With our computerized society and all the data collected from credit card companies, cell phone service providers and the like, we cannot escape from being categorized. There is a dirty little secret I discovered in my industry years ago when a lab rep from one of the biggest vision plans dropped by. All doctors within this vision plan have a number attached to his/her profile that represents their “redo rate,” some as high as 25 percent. That means one in four patients complained enough about their prescription eyeglasses that they had to be re-done. This is most likely in addition to the significant percentage who struggled with their lenses, but never complained.
Alexis Lagan and her eye wear for international pistol competition. Photo courtesy of USA Shooting
During your last eye exam, did your eye care professional double check your distance vision with both eyes opened “after” doing the exam to each eye alone? Often when checked binocularly, the eyes differ from when checked monocularly. Since we all see with both eyes opened, this practice should always be done during the end of the refraction. Both the right and left eyes should be checked simultaneously with additional lenses to confirm what was found with each eye alone. It doesn’t take long, but this last and final verification tends to be omitted, with the possible subsequent error to the Rx potentially accounting for frequent eyestrain.

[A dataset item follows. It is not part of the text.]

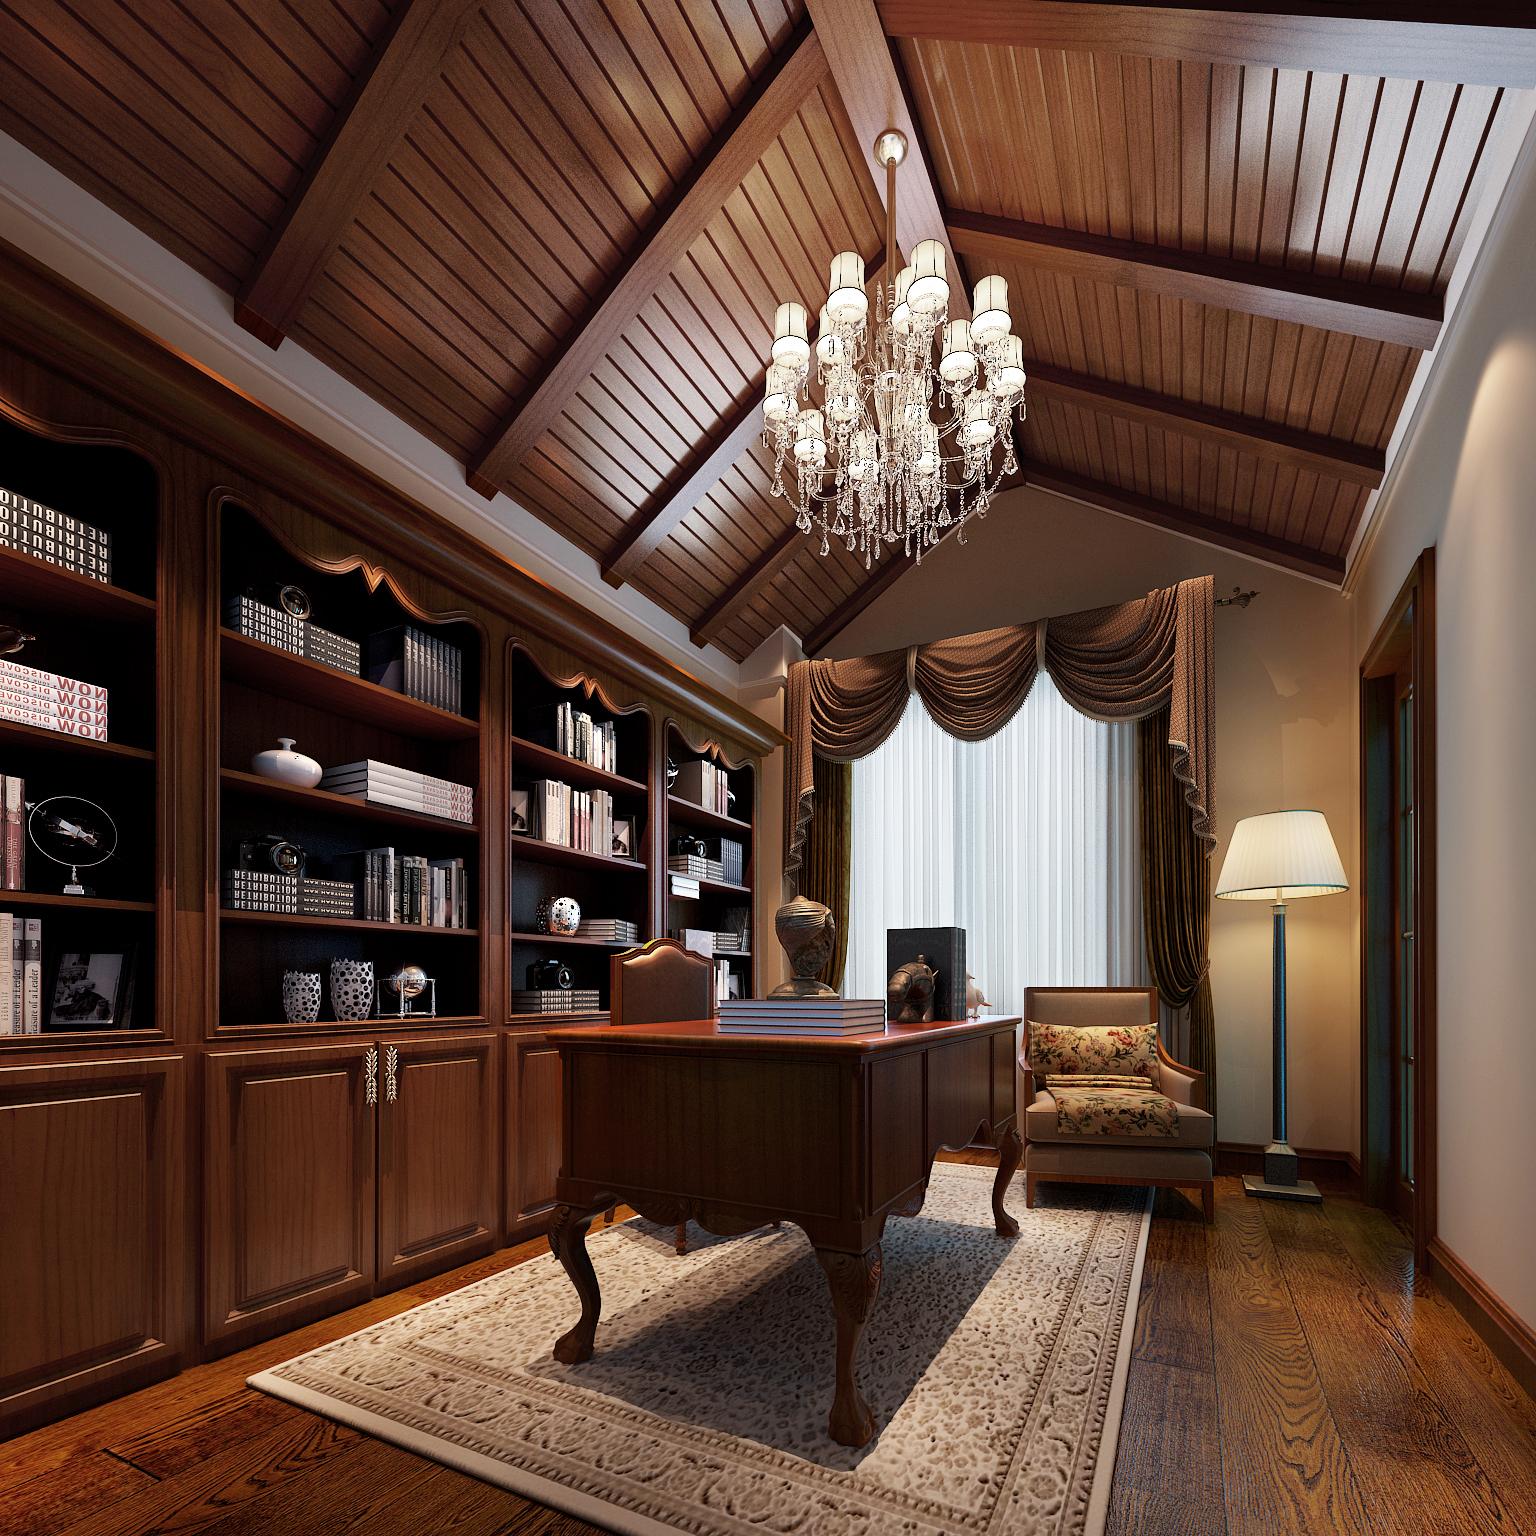 美式风格 装修效果图 别墅装修 别墅 实创装饰 实创 美式乡村 美式 旧房改造 书房图片来自北京实创装饰在42万装修240平米美式风格的分享

A common practice to reduce eyestrain is to lessen the new eyeglass prescription, leading to suboptimal vision. I however am from the “Old School,” where one would do a diligent exam and prescribe what was found, as recommended by our Dean. I could never understand why some doctors frequently reduce the new prescriptions so that patients will “adjust easier” to their new eyeglasses. In reality, the patients are short-changed with a less than perfect Rx, and may need to come back sooner for another update. I have worked with some associates who changed prescriptions so consistently that it became ridiculous. I jokingly tell my patients who move away, when seeking eyecare from another doctor, to find one who knows how to reload ammo, in which case a more precise Rx may result.
Though every doctor may have a certain preference to the sequence of tests, I believe it most practical to start with the refraction, followed by health tests such as the glaucoma test, visual field test, dilation, and others when deemed necessary. There exists the possibility of irritation to the eyes, fatigue, and increased anxiety if the refraction is done at the end of the exam, which thereby would affect the quality of the patient’s responses. Although eye health tests are equally important, the refraction should not be treated as an afterthought.
Beware of the eyecare professionals who have never worn eyeglasses, and the younger doctor who does not need multifocal lenses. They may understand vision correction in theory, but lack the practical experience in wearing corrective eyeglasses, multifocal lenses in particular, to fully understand what most of us go through. Before a shooter’s exam can be done well, the prescription must be accurate. These numbers will be the foundation to build a proper shooting Rx.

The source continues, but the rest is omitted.